Logical. Enable parallel computation (e.g., for replicated evaluations and/or numerical gradients) using up to control$ncores cores.

Details

Sequential phases. When phases is provided, parameters are activated progressively across phases. In phase kk, parameters with phases <= k are active and estimated, while all others are held fixed. If phases is omitted, all parameters are estimated in a single phase.

Replicated evaluations. The argument replicates controls the number of replicate evaluations of fn per phase. It can be a single integer (applied to all phases) or a vector of length equal to the number of phases. Replication is useful for stochastic models to reduce Monte Carlo noise and/or to target robust parameter sets.

Default method selection. If method is not provided, calibrate() defaults to "Rvmmin" when all(replicates == 1) (deterministic objective), and to "AHR-ES" otherwise (replicated/stochastic objective).

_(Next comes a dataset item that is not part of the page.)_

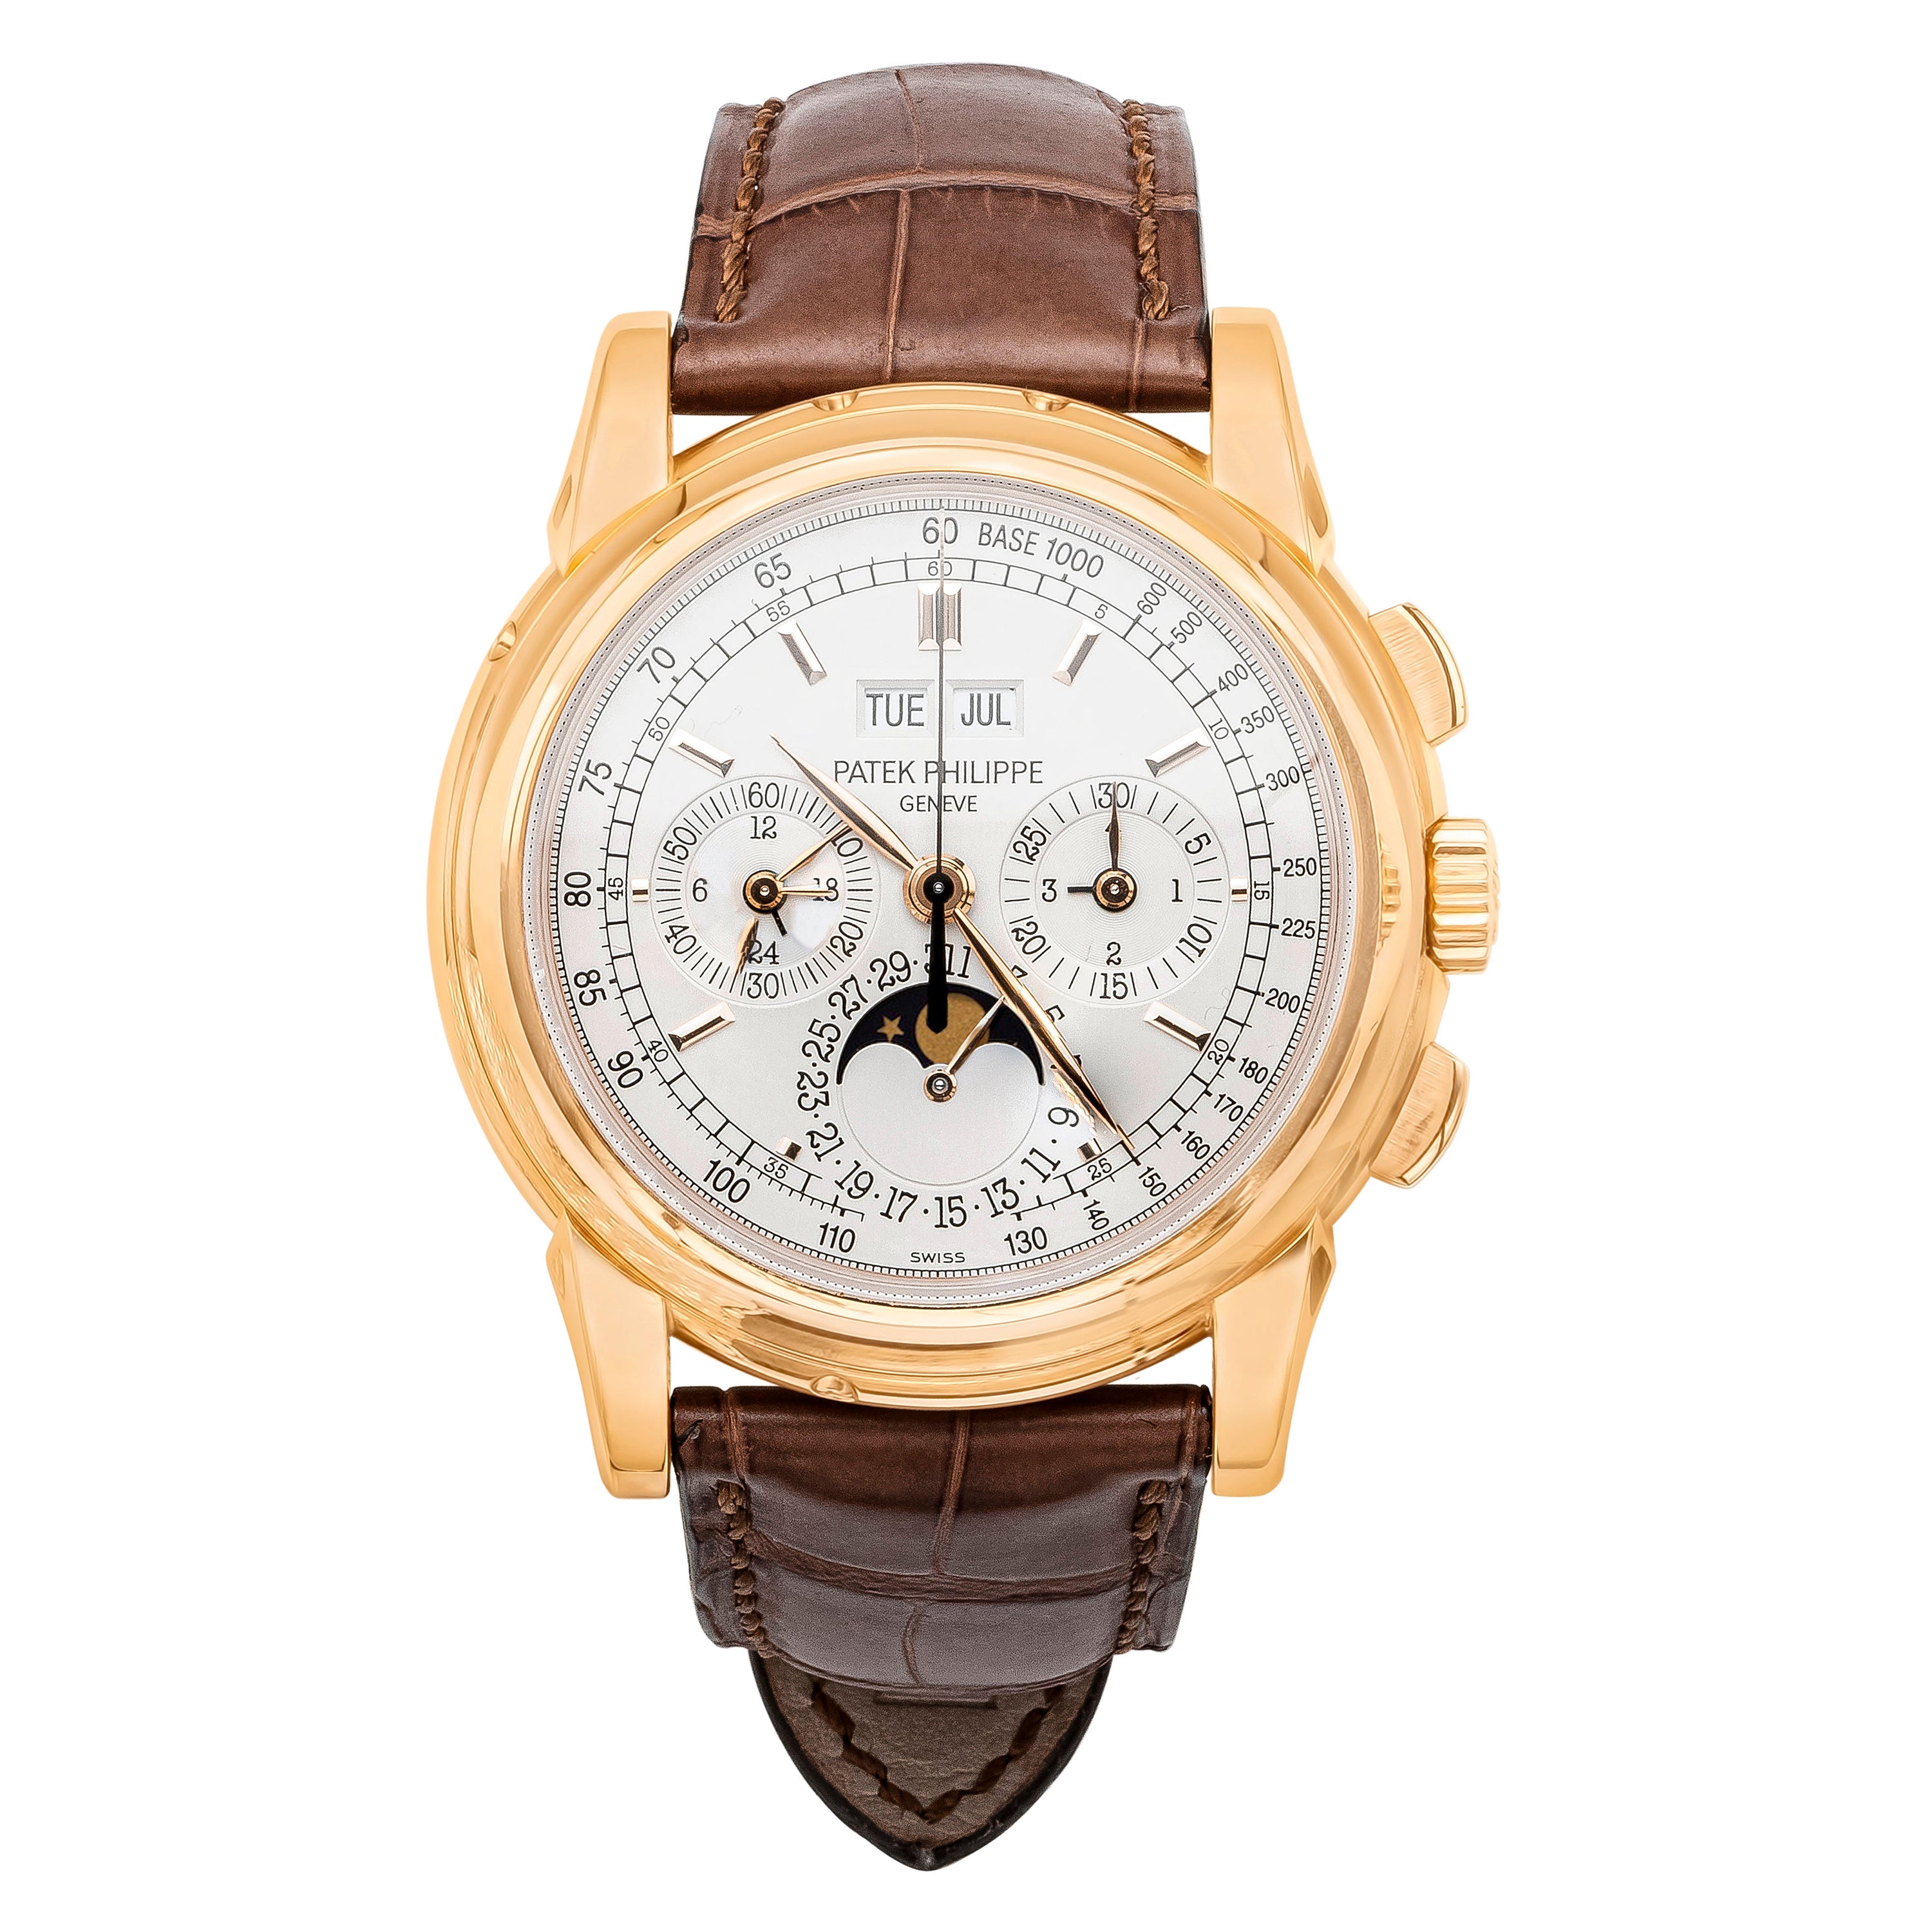 Patek Philippe 5970R Grand Complications Perpetual Calendar Chronograph Watch

Multi-objective outputs. The objective function fn may return a scalar (single-objective) or a numeric vector of objective components (multi-objective). Multi-objective optimisation is currently supported only by methods in multiMethods (e.g., "AHR-ES"). For single-objective methods, fn must be scalar; alternatively, objective components can be aggregated into a scalar by defining an aggregated objective in calibration_objFn(aggregate = TRUE).

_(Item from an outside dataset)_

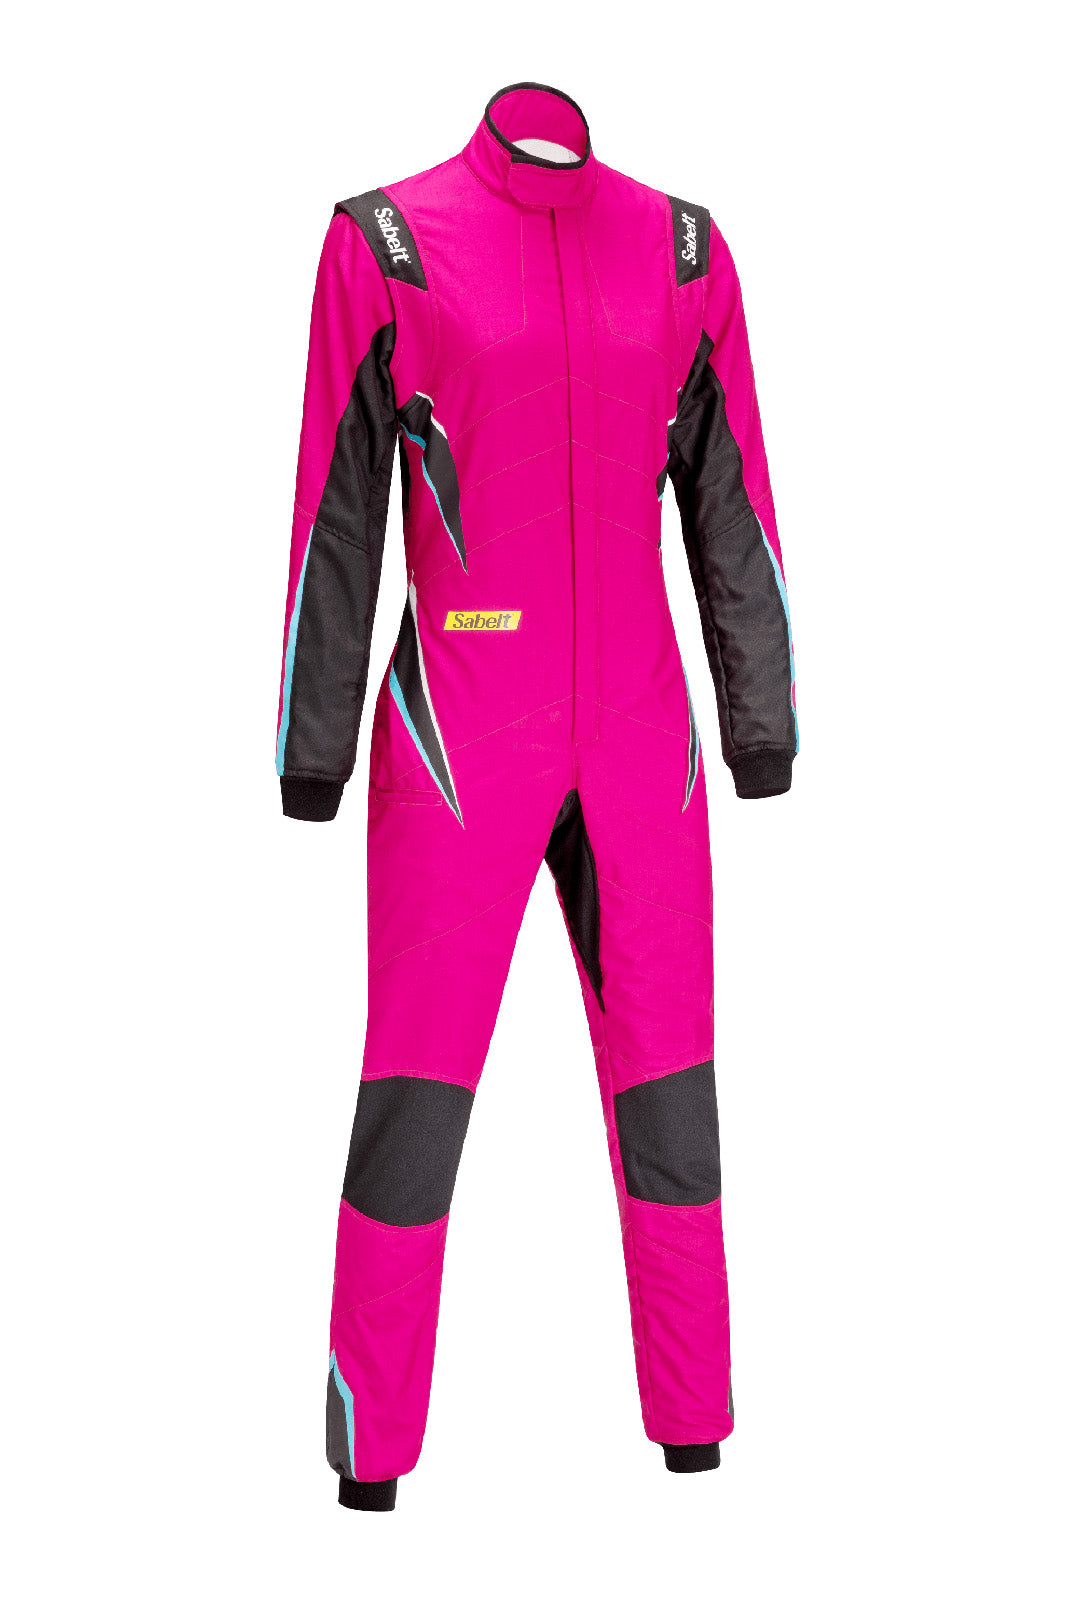 Sabelt Hero Superlight Womens TS-10 Race Suit

Aggregation. When fn is created via calibration_objFn(), metadata such as the number of components (nvar) and component weights (weights) can be stored as attributes. If aggregate = TRUE, fn is scalar and can be used with any method. If aggregate = FALSE (vector output), only multi-objective methods can use it directly.

Parallel execution and run directories. If parallel = TRUE, calibrate() may distribute replicate evaluations and/or finite-difference gradient computations across multiple cores. The number of cores is controlled by control$ncores. For file-based or externally executed models, control$master and control$run can be used to manage a master/template directory and per-run working directories (created if needed).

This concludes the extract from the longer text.